Question Number 161156 by LEKOUMA last updated on 13/Dec/21
$${Calculate} \\ $$$$\underset{{x}\rightarrow+\infty} {\mathrm{lim}}\left(\mathrm{ln}\:\left(\mathrm{1}+{e}^{−{x}} \right)\right)^{\frac{\mathrm{1}}{{x}}} \\ $$$$\underset{{x}\rightarrow\mathrm{0}} {\mathrm{lim}}\left(\frac{{x}}{\mathrm{2}+\mathrm{sin}\:\frac{\mathrm{1}}{{x}}}\right) \\ $$$$\underset{{x}\rightarrow\mathrm{0}} {\mathrm{lim}}\left(\frac{{a}^{{x}} +{b}^{{x}} }{\mathrm{2}}\right)^{\frac{\mathrm{1}}{{x}}} \\ $$
Answered by qaz last updated on 13/Dec/21
$$\underset{\mathrm{x}\rightarrow+\infty} {\mathrm{lim}}\left(\mathrm{ln}\left(\mathrm{1}+\mathrm{e}^{−\mathrm{x}} \right)\right)^{\frac{\mathrm{1}}{\mathrm{x}}} \\ $$$$=\mathrm{exp}\underset{\mathrm{x}\rightarrow+\infty} {\mathrm{lim}}\frac{\mathrm{lnln}\left(\mathrm{1}+\mathrm{e}^{−\mathrm{x}} \right)}{\mathrm{x}} \\ $$$$=\mathrm{exp}\underset{\mathrm{x}\rightarrow+\infty} {\mathrm{lim}}\frac{\mathrm{ln}\left(\mathrm{1}+\mathrm{e}^{−\mathrm{x}} \right)−\mathrm{1}}{\mathrm{x}}........\mathrm{lnln}\left(\mathrm{1}+\mathrm{e}^{−\mathrm{x}} \right)\sim\mathrm{ln}\left(\mathrm{1}+\mathrm{e}^{−\mathrm{x}} \right)−\mathrm{1} \\ $$$$=\mathrm{1} \\ $$$$−−−−−−−−−−− \\ $$$$\underset{\mathrm{x}\rightarrow\mathrm{0}} {\mathrm{lim}}\left(\frac{\mathrm{x}}{\mathrm{2}+\mathrm{sin}\:\frac{\mathrm{1}}{\mathrm{x}}}\right)=\mathrm{0} \\ $$$$−−−−−−−−−−− \\ $$$$\underset{\mathrm{x}\rightarrow\mathrm{0}} {\mathrm{lim}}\left(\frac{\mathrm{a}^{\mathrm{x}} +\mathrm{b}^{\mathrm{x}} }{\mathrm{2}}\right)^{\frac{\mathrm{1}}{\mathrm{x}}} =\underset{\mathrm{x}\rightarrow\mathrm{0}} {\mathrm{lim}}\left(\mathrm{1}+\frac{\mathrm{1}}{\mathrm{2}}\mathrm{xln}\left(\mathrm{ab}\right)+\mathrm{o}\left(\mathrm{x}\right)\right)^{\frac{\mathrm{1}}{\mathrm{x}}} =\sqrt{\mathrm{ab}} \\ $$
Commented by stelor last updated on 14/Dec/21
please, I don't understand the third line , please explain me again.

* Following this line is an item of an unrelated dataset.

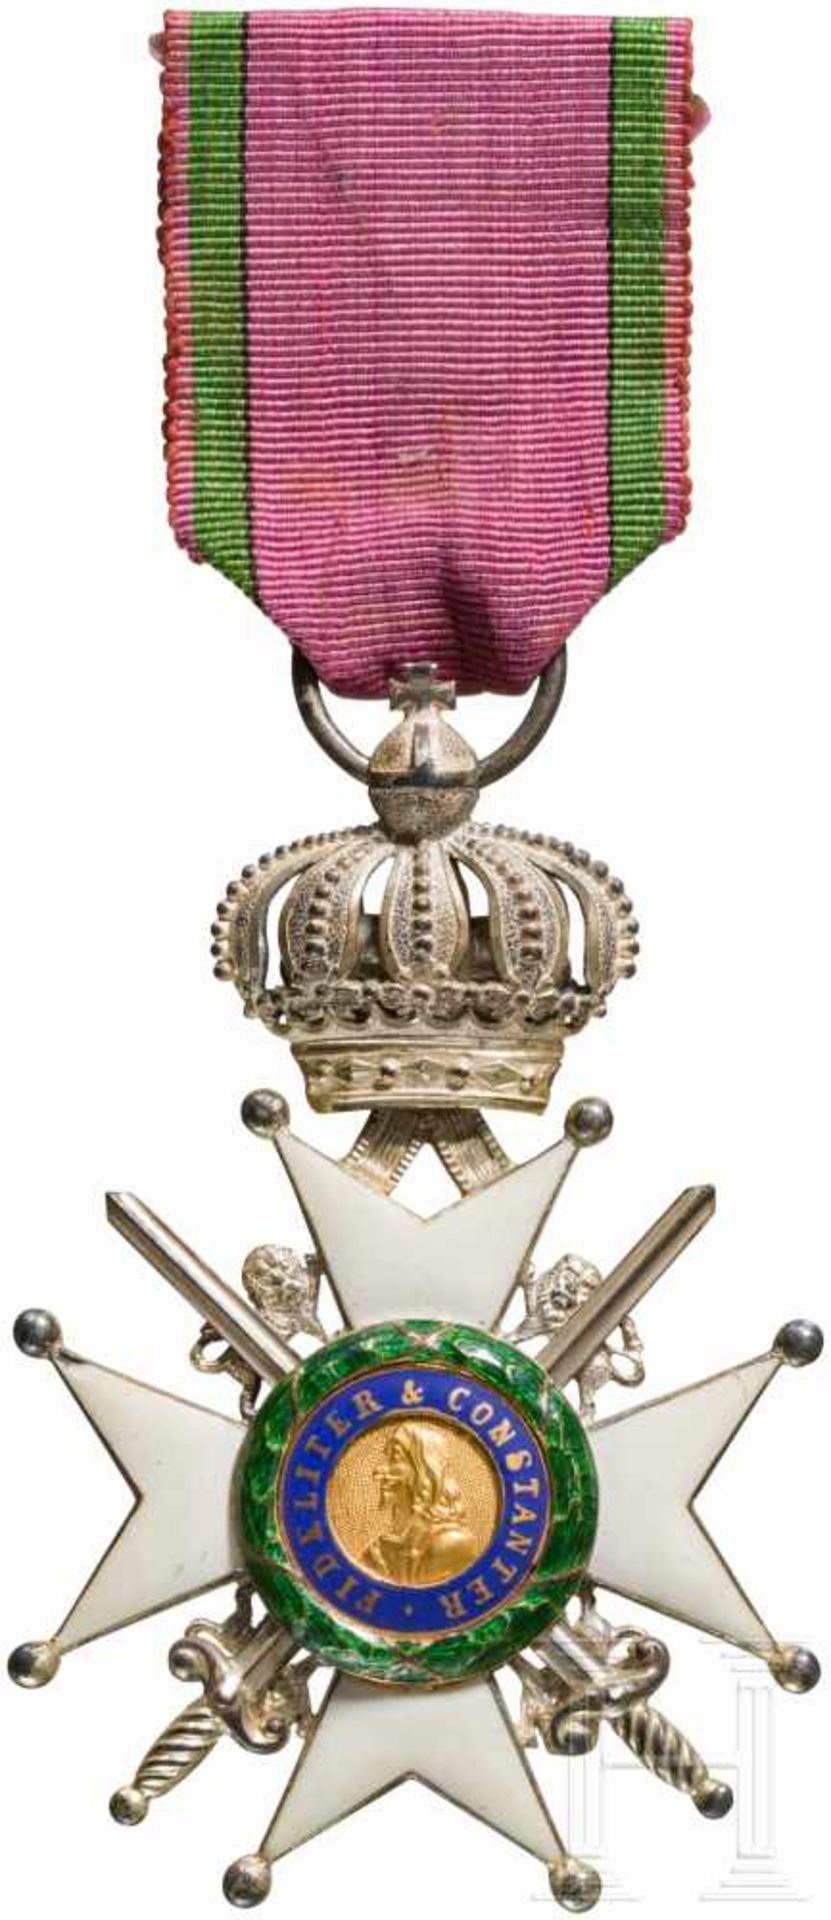 Herzoglich Sachsen-Ernestinischer Hausorden - Ritterkreuz 2. Klasse mit SchwerternSilber und

Commented by stelor last updated on 14/Dec/21
third of first limit.
Commented by qaz last updated on 15/Dec/21
$$\mathrm{this}\:\mathrm{is}\:\mathrm{infinitesimal}\:\mathrm{equivalent}\:\mathrm{substitution}. \\ $$$$\underset{\mathrm{x}\rightarrow\mathrm{0}} {\mathrm{lim}}\frac{\mathrm{ln}\left(\mathrm{1}+\mathrm{x}\right)}{\mathrm{x}}=\mathrm{1}\:\:\Rightarrow\:\:\mathrm{ln}\left(\mathrm{1}+\mathrm{x}\right)\sim\mathrm{x}\:\:\Rightarrow\:\:\mathrm{lnx}\sim\mathrm{x}−\mathrm{1} \\ $$